Figure 7 shows the morphology of ore in group WP. According to the influence of microwave irradiation on the rock microstructure [41,42], when the irradiation time is short, more intergranular (I) cracks and some transgranular (T) cracks are generated (Figure 7a). There is a relative slip between the two walls of cracks, accompanied by the peeling of a few of the minerals. With the increase of irradiation time, more T-cracks appear on the morphology. Small regional fractures are prone to occur when cracks bifurcate and bend (Figure 7b). When the irradiation time is 7 min, there are many T-cracks and lamellar tear areas (Figure 7c). Figure 8 shows the morphology of the ore in group WT. When the microwave power is low (Figure 8a), step-like and shell-like morphologies are formed by tensile stress, and the type of cracks are mainly I-cracks. With an increase of power, cleavage tear and T-cracks gradually begin to appear (Figure 8b).

Cooling rate has a great influence on the ore. The micro-morphology of ore after water spray and water impact is similar, only the water spray cooling is used as an example to show (Figure 9). Compared with the ore cooled at room temperature (Figure 7b), the ore cooled by water spray not only has more T-cracks, but also has micro-pits with ductile failure. During the propagation of the primary T-cracks, more secondary T-cracks will be generated.

In summary, after the ore is subjected to lower power or time (Figure 7a and Figure 8a), the ore will counteract the mismatch between the active stress (the external load causes the cracks to grow) and the passive stress (friction between two walls of cracks) with more I-fractures [43], resulting in the larger $d_s$ and the smaller $D$ after crushing. On the contrary (Figure 7c, Figure 8b), the ore will fracture with the mixed type of I-cracks and T-cracks to hedge the non-equivalence between the two stresses [43]. A large number of cracks make the $d_s$ smaller and the $D$ larger, and the crushing degree of ore will be aggravated.

3.4.2. Microscopic Explanation of the Change of Absorbed Energy

The macro-fracture of magnetite ore is closely related to the micro-fracture, and the absorbed energy is affected by the micro-fracture mode. Generally speaking, the energy consumption of multiple fracture modes has the following order [44]. I-fracture (low energy consumption) ≤ T-fracture (medium energy consumption) ≤ cleavage tear (high energy consumption) ≤ ductile failure (higher energy consumption). Figure 7, Figure 8 and Figure 9, and

Table 2. Micromorphology characteristics of the ore fragments.

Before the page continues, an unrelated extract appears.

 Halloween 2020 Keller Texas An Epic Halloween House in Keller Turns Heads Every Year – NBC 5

Groups	Heating Path	Cooling Path	Microstructure	Fracture Mechanism	Energy Consumption
WP	2KW + 3min	Room temperature	Step-like morphology	I-fractures	Low
	2KW + 5min
	2KW + 7min		Lamellar tear	T-fractures, lamellar tear	Medium
WT	5min + 1.2 KW		Shell-like and step-like	I-fractures	Low
	5min + 2.8 KW		Cleavage tear, flat morphology	T-fractures, cleavage tear	Medium
CP	2KW + 5min	Spray water	Flat morphology, micro-pits	T-fractures	High

summarize the fracture information of ore.

When the power is constant, the lamellar tear occurs with the increase of irradiation time. From the brittle fracture with more I-fractures and less T-fractures, to the ductile fracture with both T-fractures and lamellar tear, the energy consumption will increase. When the irradiation time is constant, the cleavage tear will occur with the increase of the power, and the energy consumption will increase. With the increase of cooling rate (from room temperature to water spray), the micro-pits with ductile failure appear and the energy consumption will also increase. To sum up, the transformation of failure mode from brittleness to toughness indicates the increase of the absorbed energy.

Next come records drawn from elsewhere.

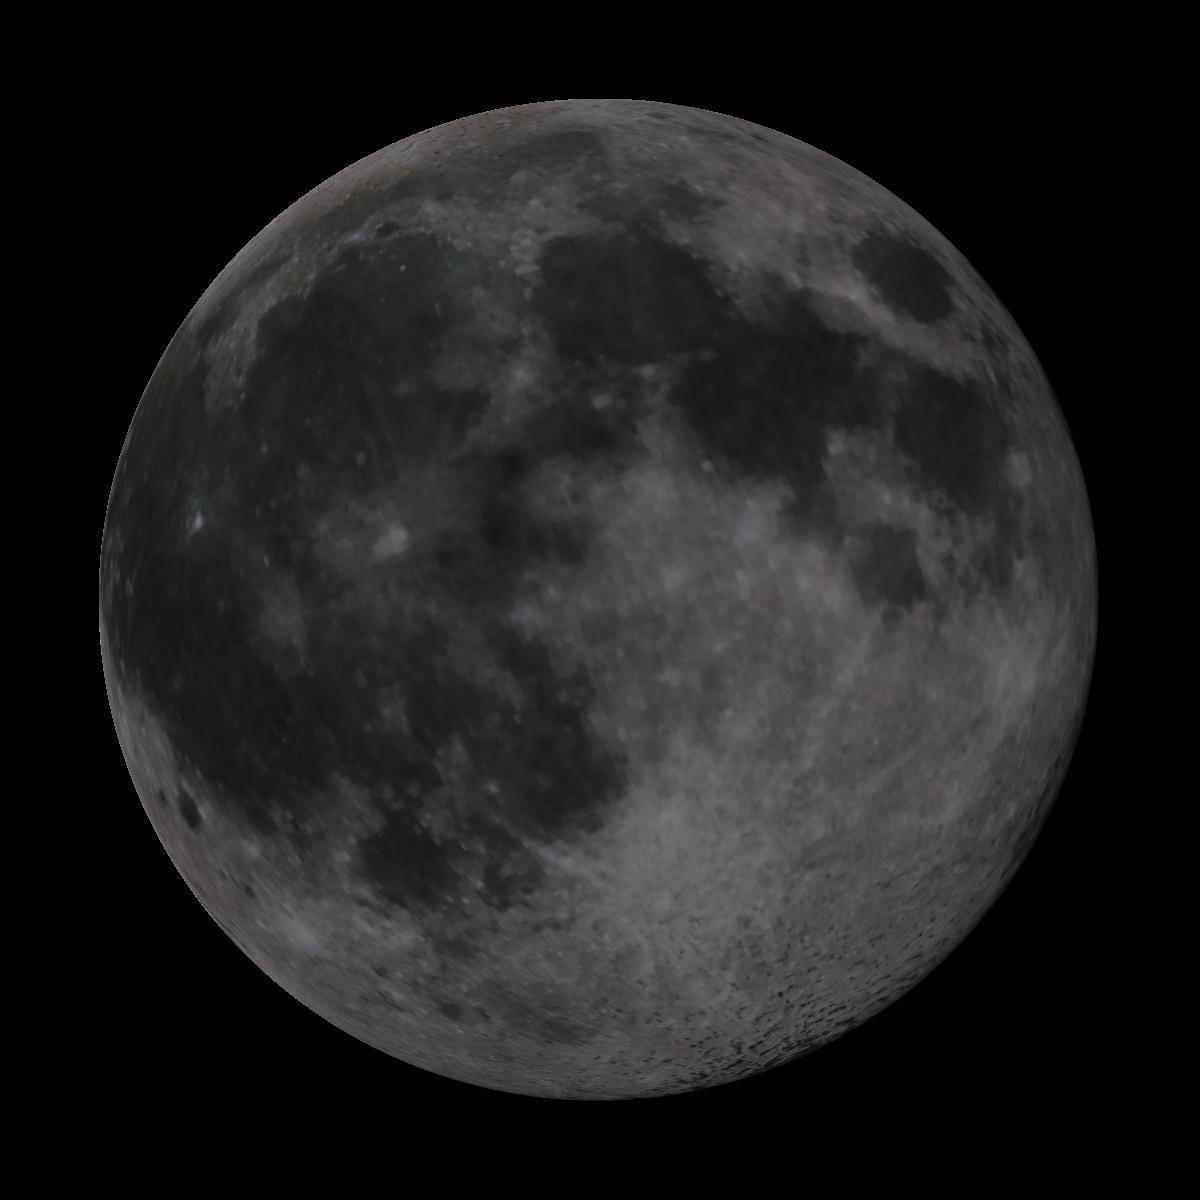 Lune du 10 mars 2020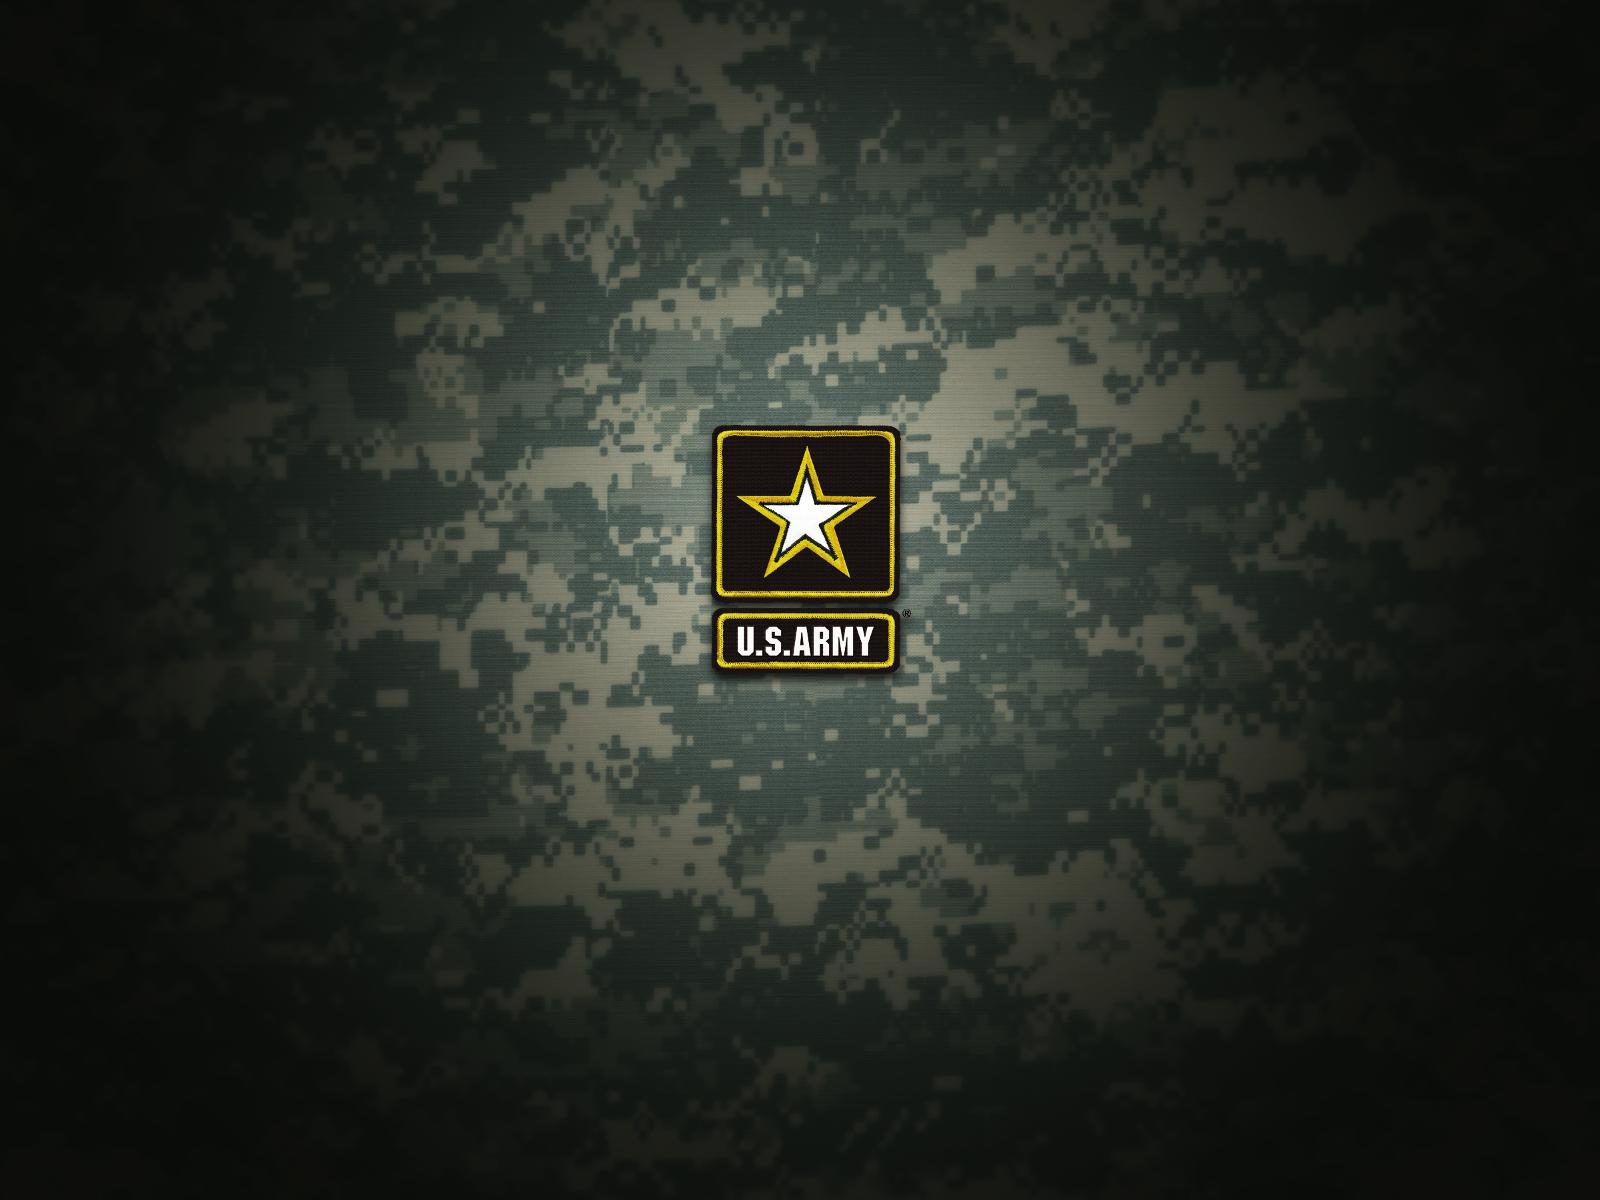 go army wallpaper - photo #3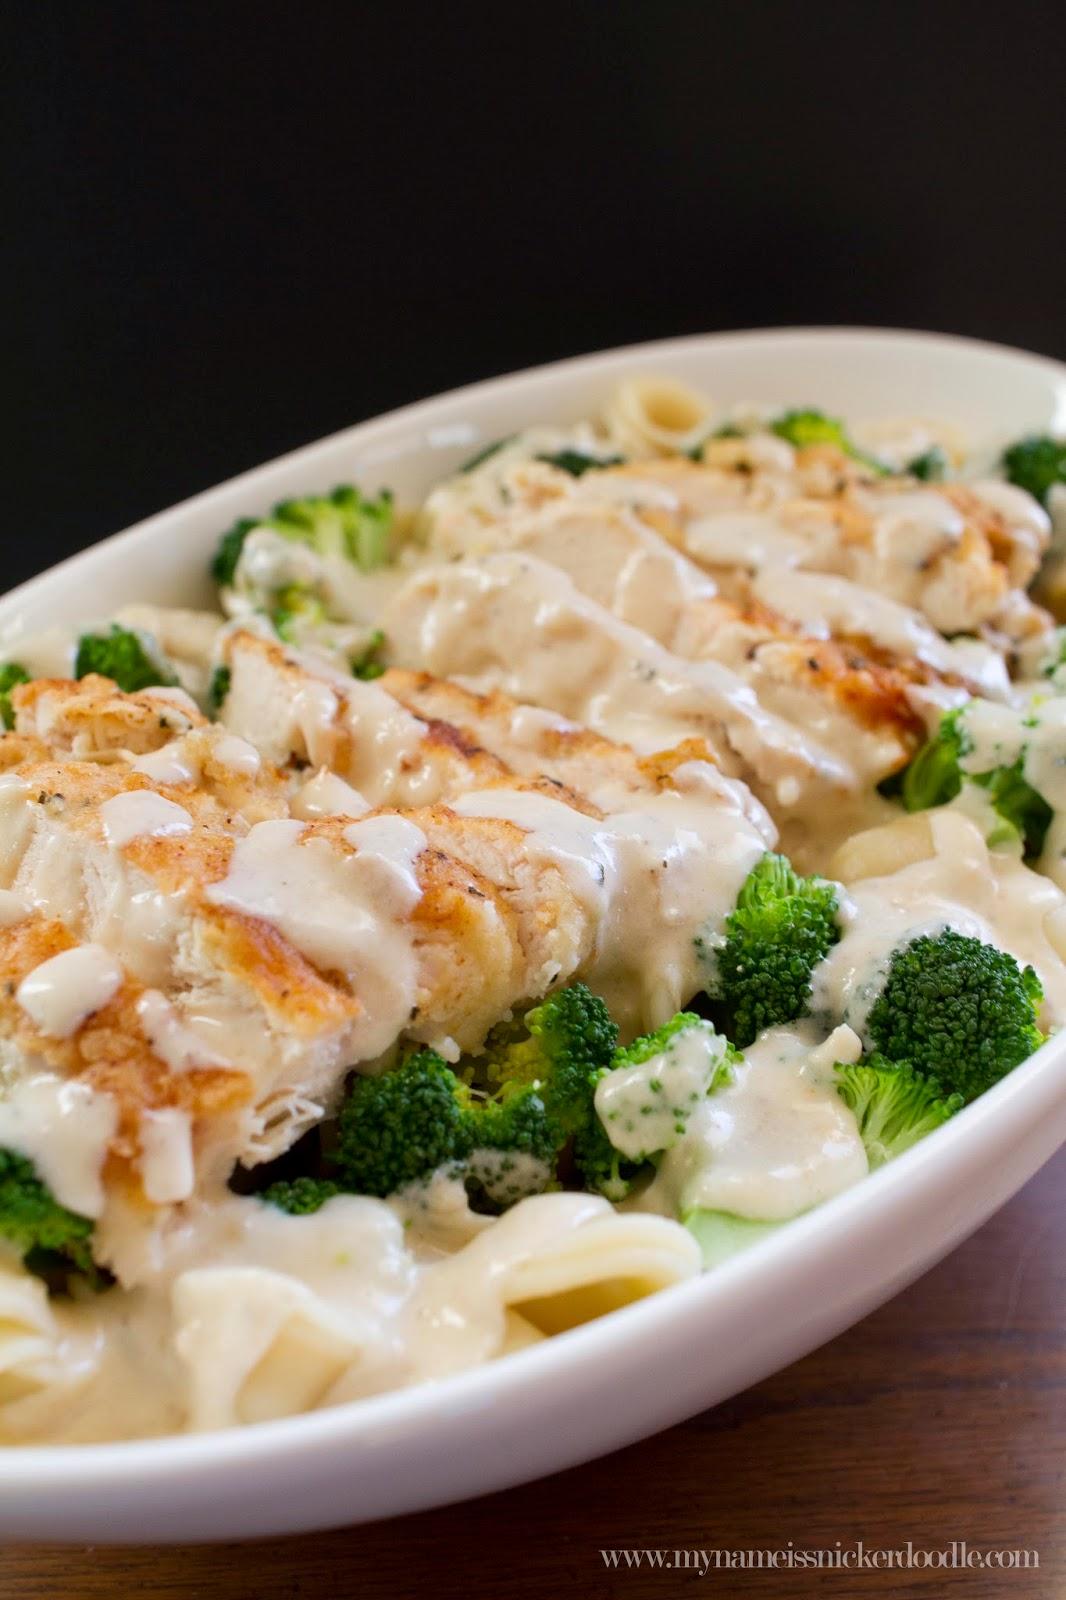 This Creamy Garlic Chicken and Broccoli Pasta recipe rivals the Chicken Con Broccoli dish at Olive Garden!  |  mynameissnickerdoodle.com

3.5. Separate Responses of Minerals to Microwave Irradiation

Under the influence of electromagnetic oscillation, the polar molecules in the material will undergo ultra-high frequency polar motion. On the one hand, the motion between polar molecules generates a large amount of internal friction heat [45]. On the other hand, the intense movement of molecules in the electromagnetic field corresponds to the increase of the internal energy. Both of these mechanisms can increase the temperature of material. The energy density $\omega$, which represents the ability to absorb microwaves, has the following form.

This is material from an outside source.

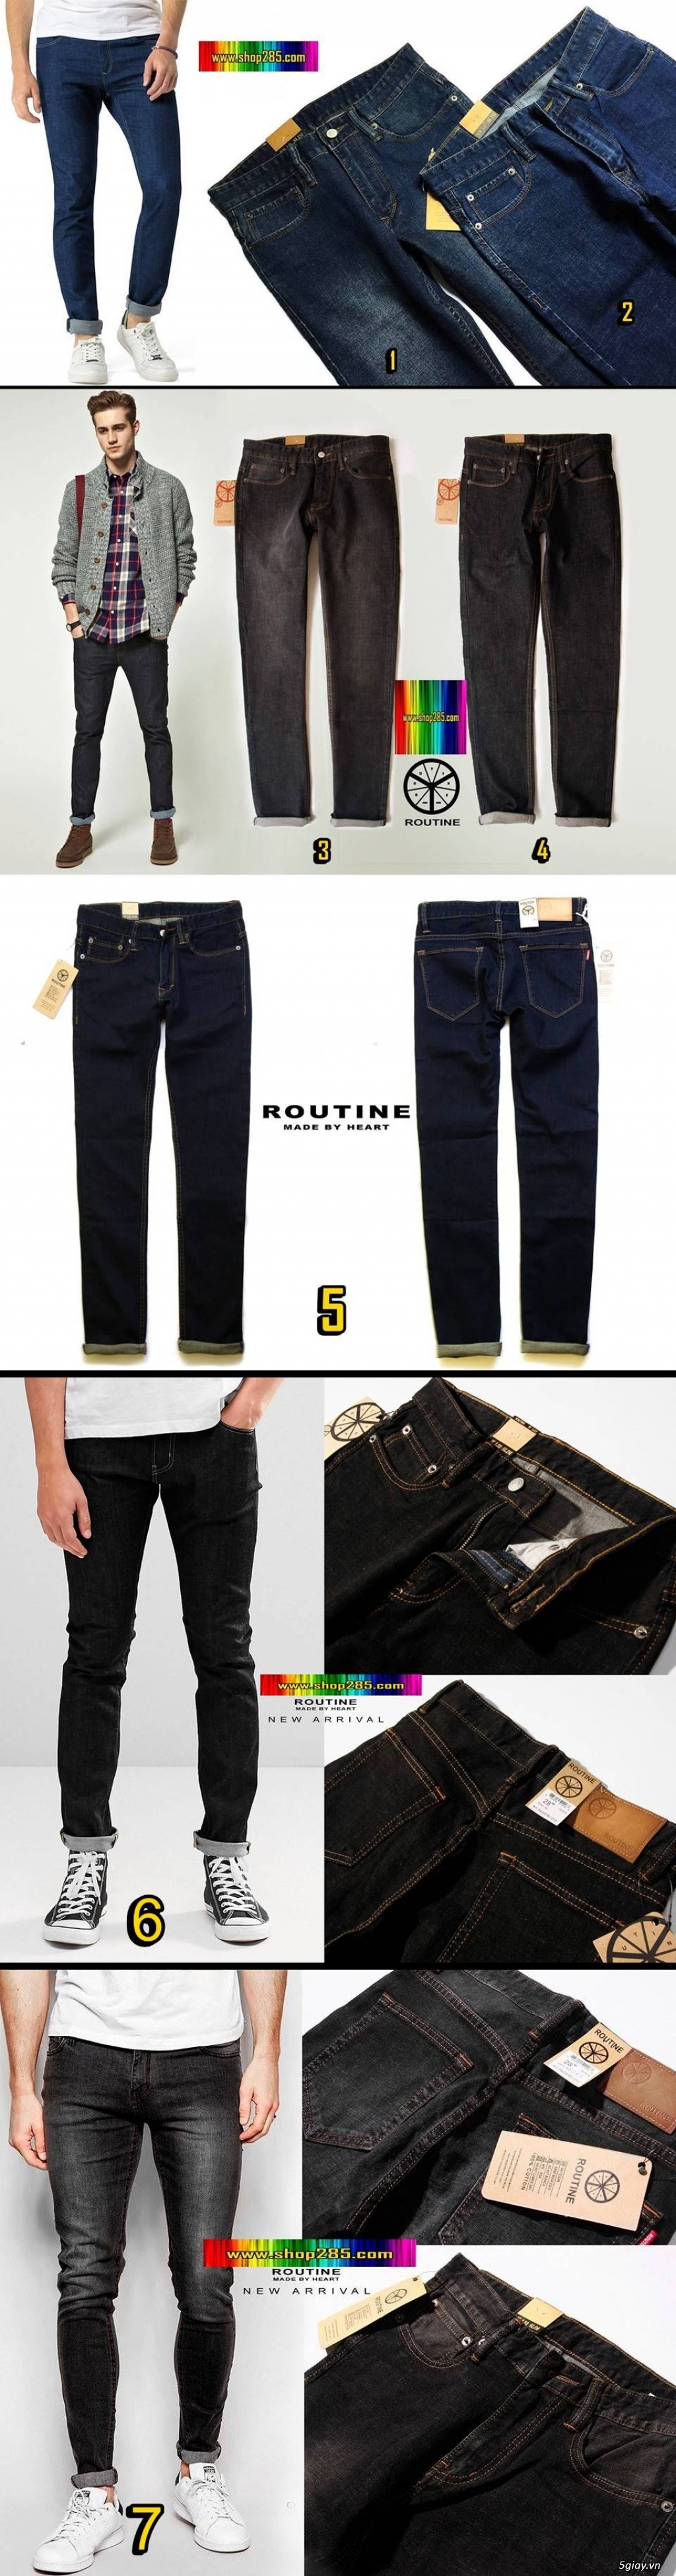 Shop285.com - Shop quần áo : Zara,Jules,Jake*s,,Hollister,Aber,CK,Tommy,Levis - 19

$$\omega =2\mathsf{\pi }f{\epsilon }_0\epsilon ″E^2$$

(12)

where ${\epsilon }_0$ is the dielectric constant in vacuum, $\epsilon ″$ is the dielectric loss factor, $E$ is the electric field intensity, and $f$ is the microwave frequency.

The different $\epsilon ″$ of adjacent minerals will lead to different heating rates, which will generate a concentration of thermal stresses and weaken the cementing ability. The thermal damage of ore has a great relationship with the capacity to absorb microwaves. To study the effect of microwave irradiation on ore, it is necessary to analyze the response of each mineral separately. This has been rarely discussed in previous studies, which focused on the effect of microwave on the whole (the overall microwave response of multiple minerals). The main minerals of magnetite ore in this study are calcite (CAL), hornblende (HOR), olivine (OLI), magnetite (MAG), plagioclase (PLA), potassium feldspar (POT), pyroxene (PYR), and quartz (QUA). The authors obtained high purity samples of these minerals through several field geological surveys, trying to comprehensively understand the separate response of minerals to microwave from the XRD (Type: Ultima IV, Rigaku Corporation, Japan) and microscopic morphology. The basic research methods are as follows: the powder samples of each mineral were first obtained by grinder, and the powder samples divided into two parts. One was analyzed by XRD after microwave irradiation (2 kW + 5 min), and the other was directly analyzed by XRD. In addition, the detritus of each mineral was obtained, and part of the detritus was analyzed by SEM (Type: JSM-7900F, JEOL Ltd, Tokyo, Japan) after microwave irradiation (2 kW + 5 min), and the other part was directly analyzed by SEM.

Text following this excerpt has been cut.